Felix Pohl hat diese wilden Wasser weitgehend sicher durchschwommen. Trotz einiger Zwangspausen wie im vergangenen Frühjahr, als er nach einem Bandscheibenvorfall monatelang nur eingeschränkt trainieren konnte. Er hat die Schwachstellen am Körper ins Visier genommen, Übungsteile neu kombiniert und stundenlang im Kraftraum geschuftet. Intelligente Trainingssteuerung nennt das der Trainer, der seinen Schützling dafür ausdrücklich lobt. Der Erfolg gibt ihm recht: Viel ist nicht geblieben vom einstigen Turnfloh im Dress des VfL Kirchheim.
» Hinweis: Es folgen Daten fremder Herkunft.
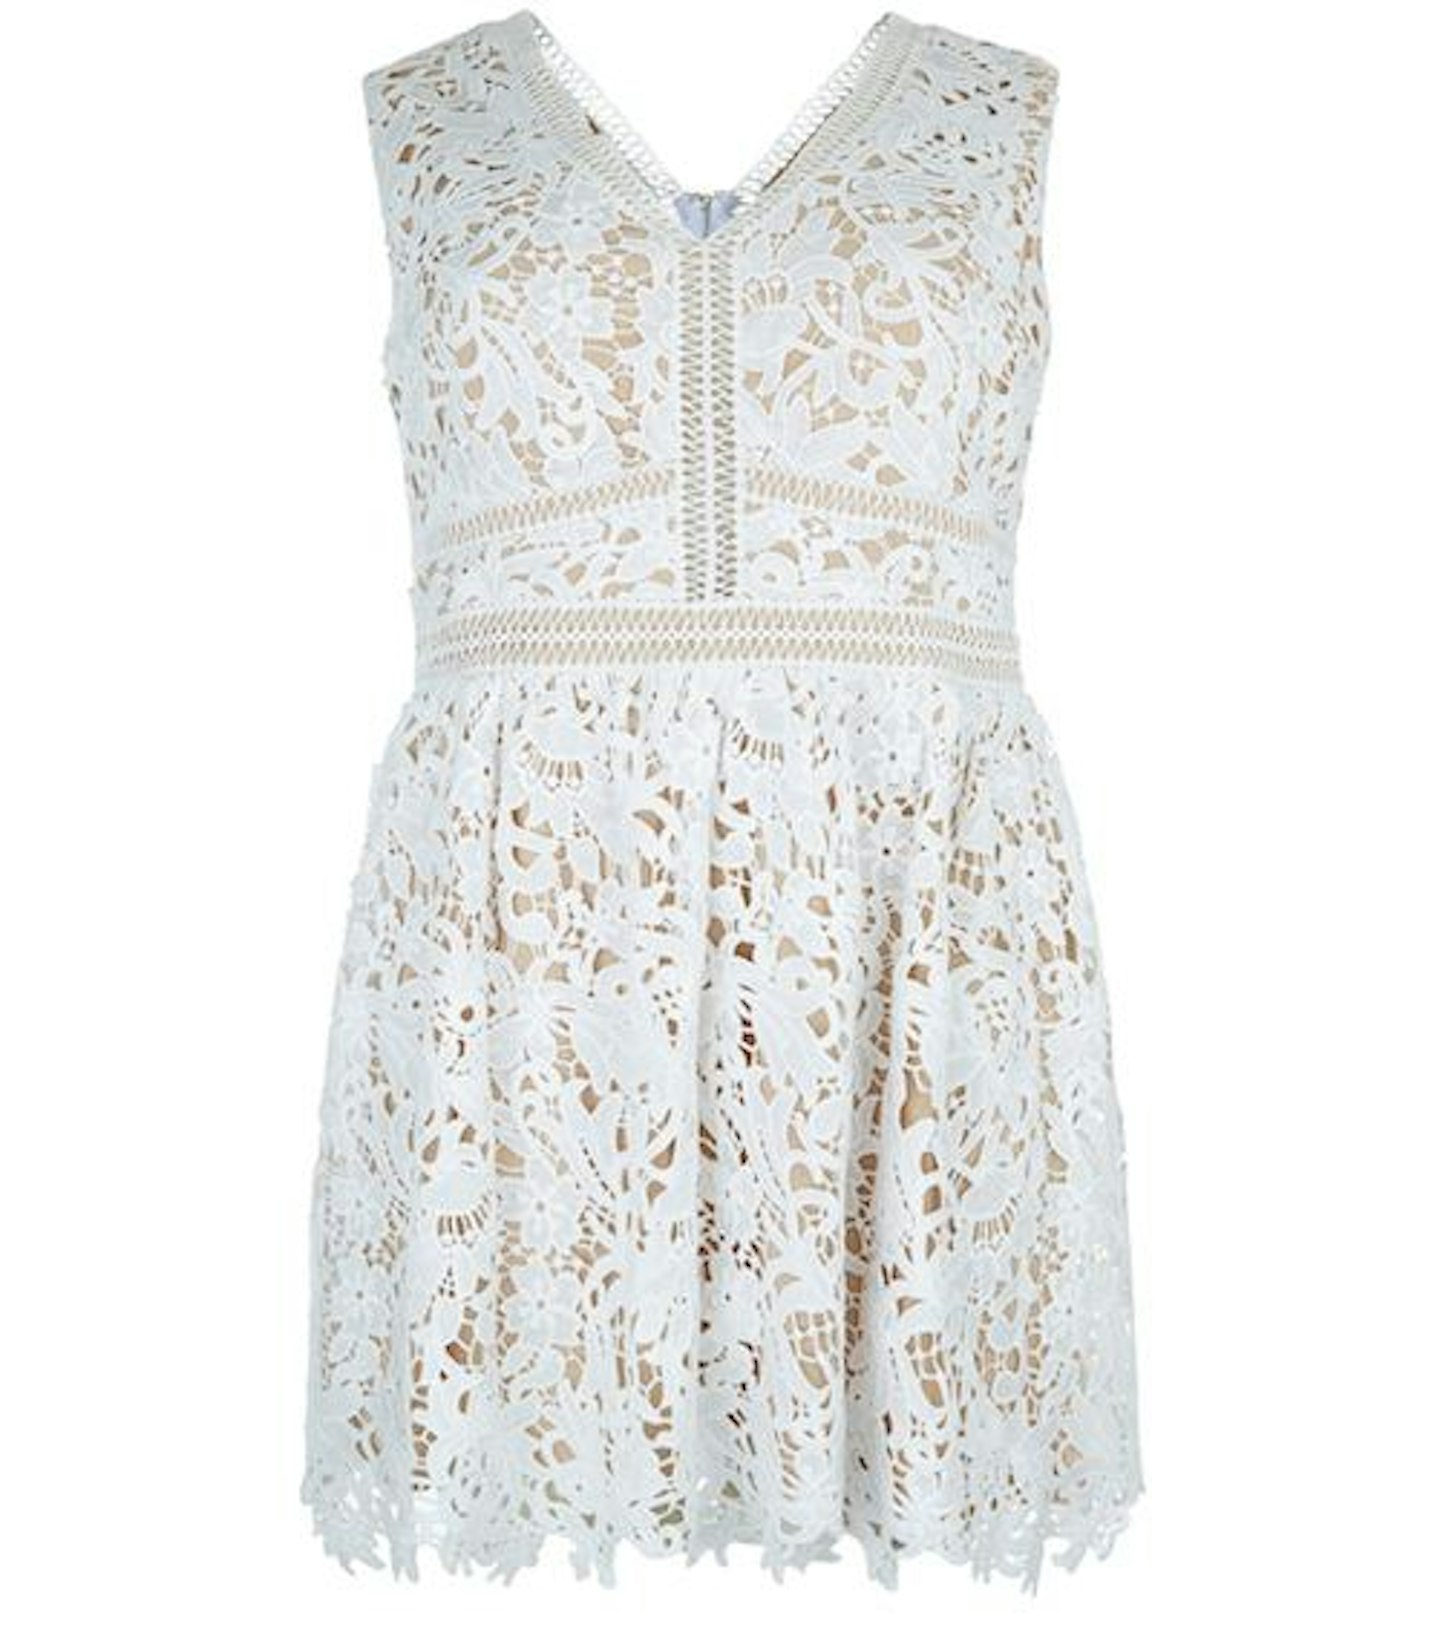 Lace dress £39.99

Sieben Kilo reine Muskelmasse hat er im vergangenen Jahr zugelegt. Inzwischen turnt Felix Pohl wieder beschwerdefrei – und erfolgreich: Als Jüngster im Team steuert er mit dem Starensemble des MTV Stuttgart auf den Gewinn der deutschen Meisterschaft zu. Nach Ende der Halbserie liegt das Team um Marcel Nguyen, den zweifachen Silbermedaillengewinner von London, ungeschlagen an der Spitze der Bundesliga.

Für Pohl ist es bereits seine zweite Saison im Dress des Erstligisten, doch seine erste verletzungsfreie. Zwei Einsätze am Pauschenpferd, mehr war nicht drin im vergangenen Jahr. In der laufenden Saison hat er immerhin schon zwei solide Wettkämpfe für den MTV bestritten. Mit einer „beachtlichen Leistung“, wie Klaus Nigl findet. In der zweiten Saisonhälfte hofft er nun auf seine Chance, und die wird er auch bekommen, wenn man seinem Trainer glaubt. Obwohl die Stuttgarter ihren ohnehin starken Kader im April noch weiter verstärkt und den letzten Ausländerplatz mit dem US-Amerikaner Donnell Wittenberg besetzt haben. Daraus spricht Entschlossenheit auf dem Weg zur Meisterschaft, schließlich wird es in den drei verbleibenden Wettkämpfen im Oktober und November ernst: Dann warten mit der KTV Obere Lahn, dem TV Schwäbisch Gmünd-Wetzgau und der KTV Straubenhardt die drei direkten Verfolger als Gegner.